About this exercise
Below is a listing. Return the lines from the one that contains "Stoneware Jam Jar." to the one that contains "ASI Racewear - Holiday", both ends included, verbatim and with no pictures.

Data section

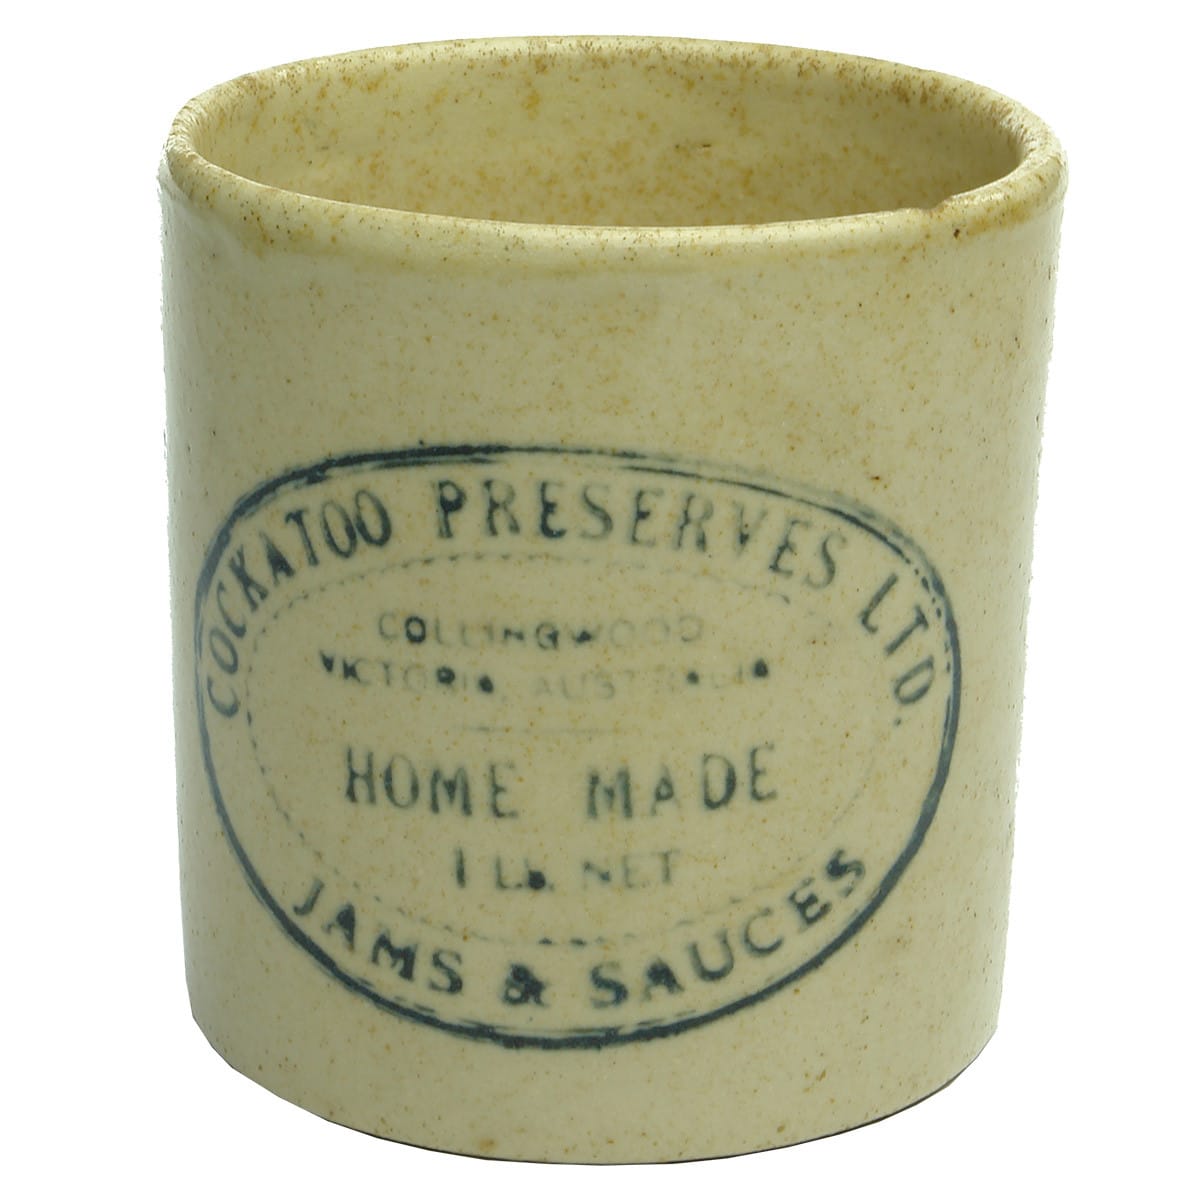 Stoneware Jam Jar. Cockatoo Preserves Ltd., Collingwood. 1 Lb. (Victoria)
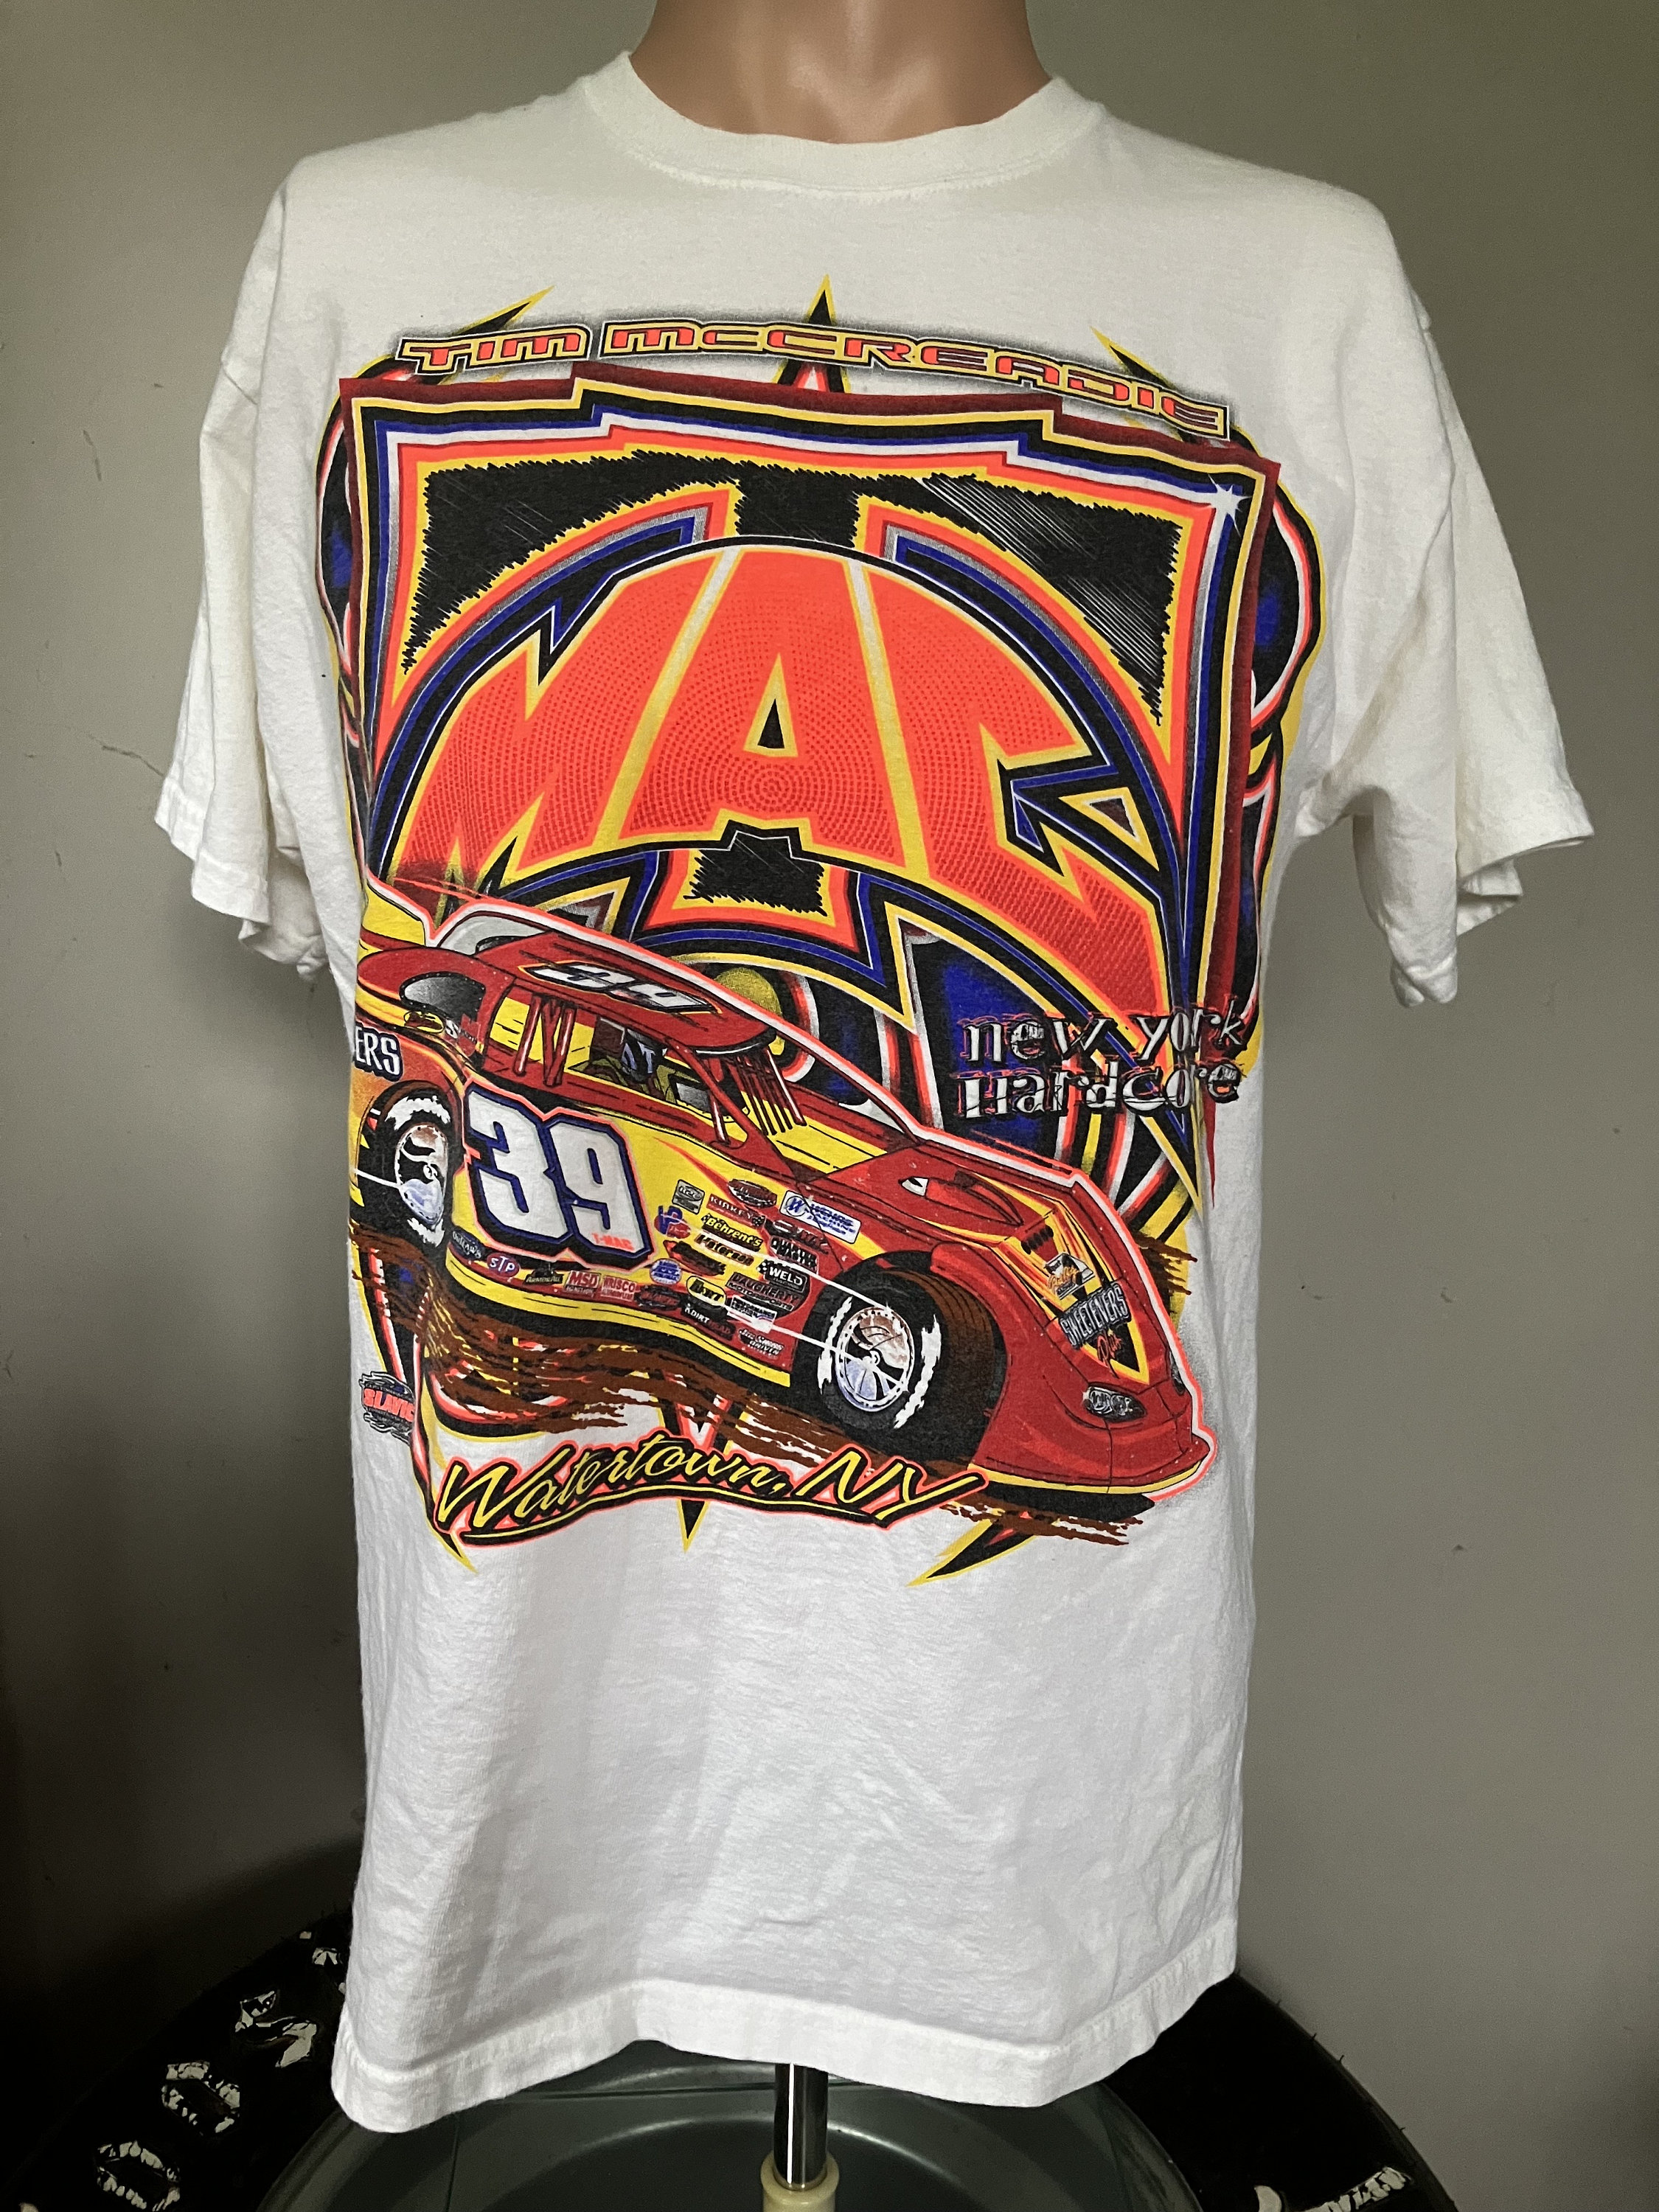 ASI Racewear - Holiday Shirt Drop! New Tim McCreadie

==

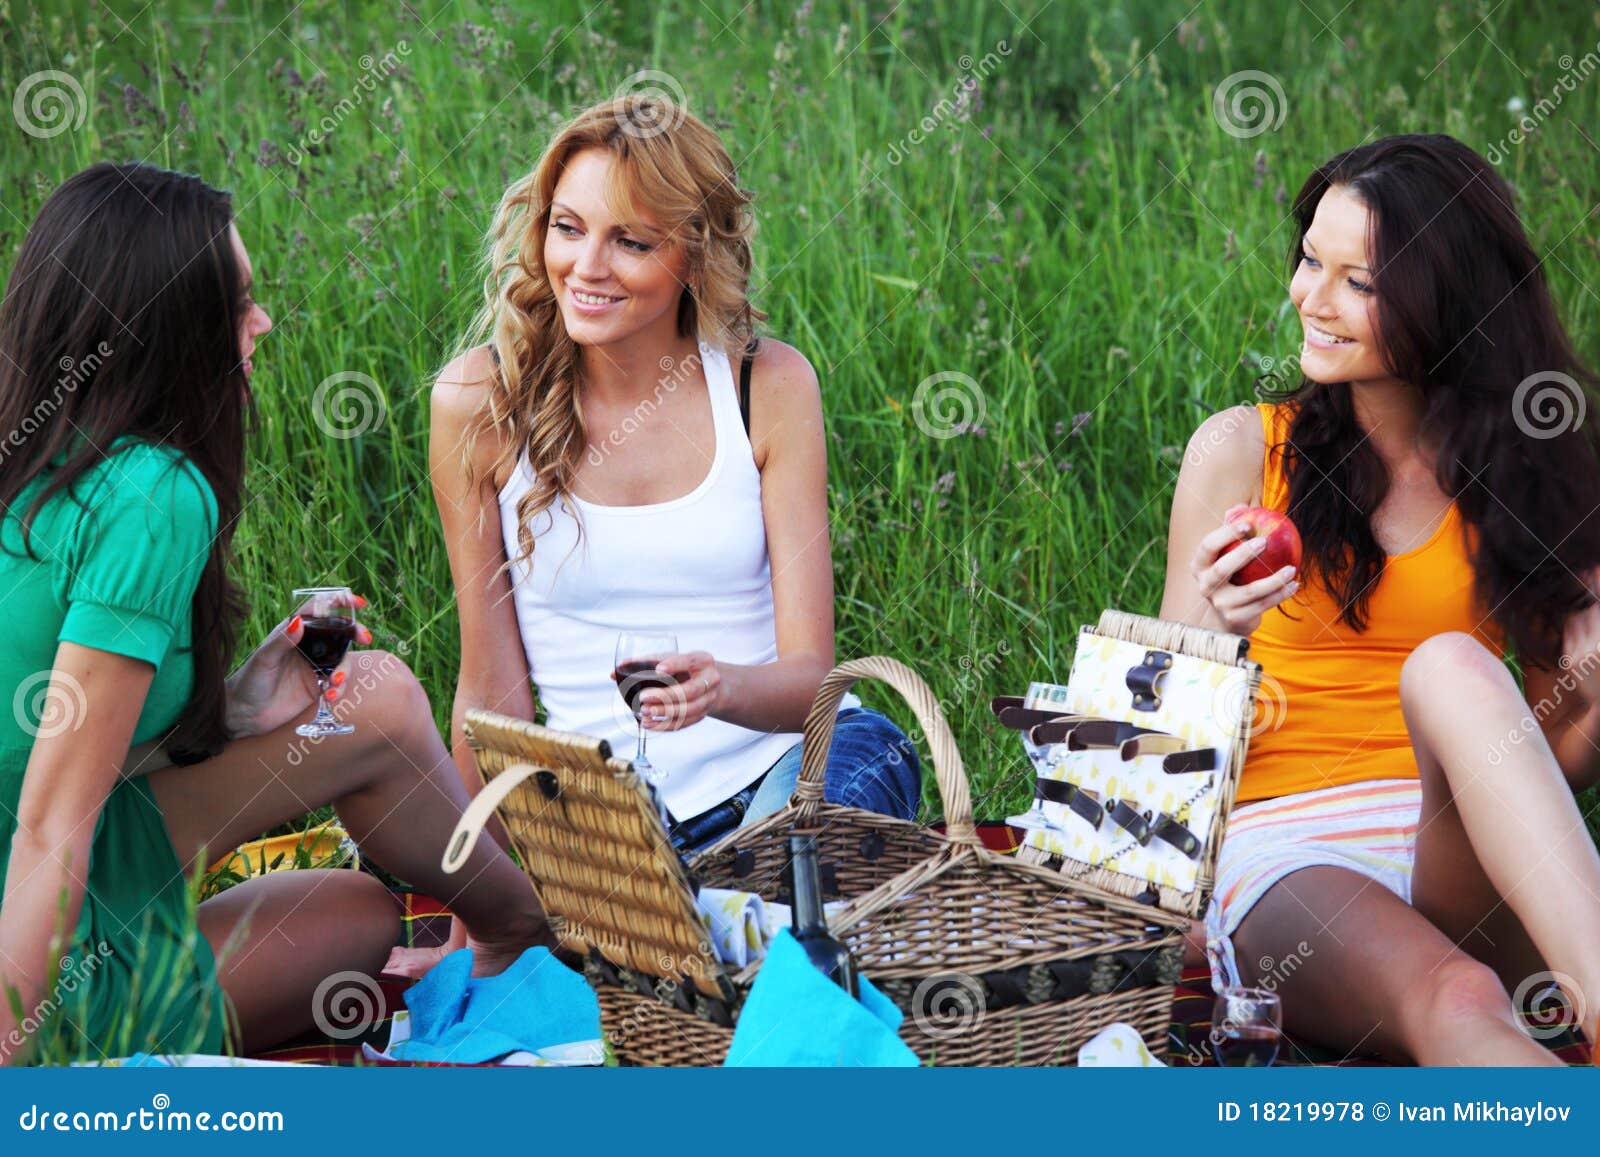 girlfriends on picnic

---

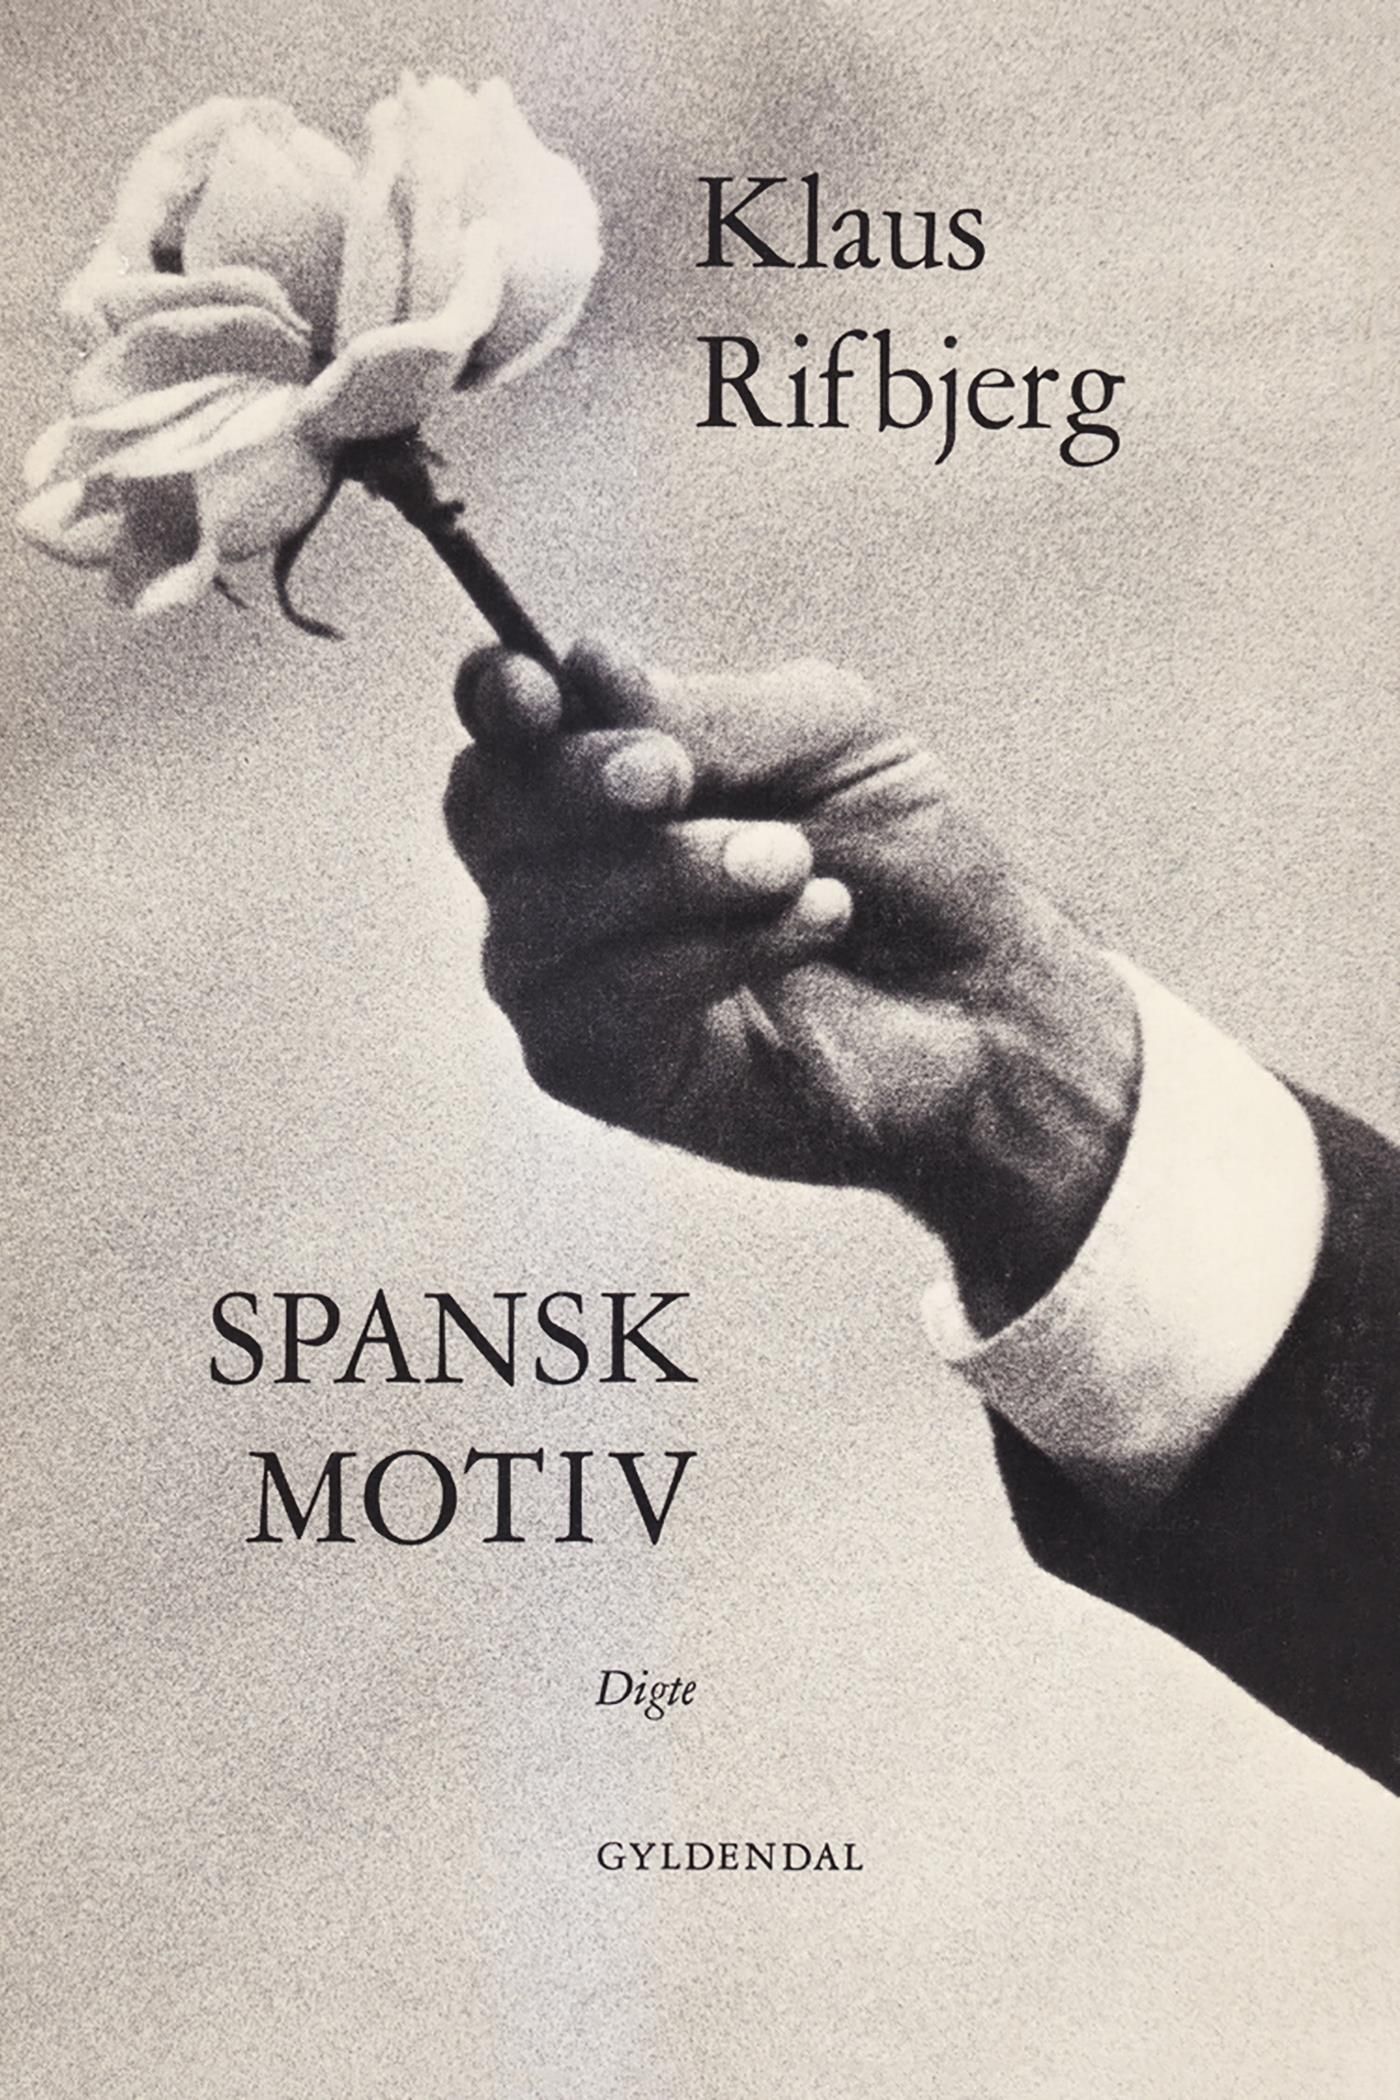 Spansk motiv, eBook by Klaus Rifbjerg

Response to the task
 Stoneware Jam Jar. Cockatoo Preserves Ltd., Collingwood. 1 Lb. (Victoria)
 ASI Racewear - Holiday Shirt Drop! New Tim McCreadie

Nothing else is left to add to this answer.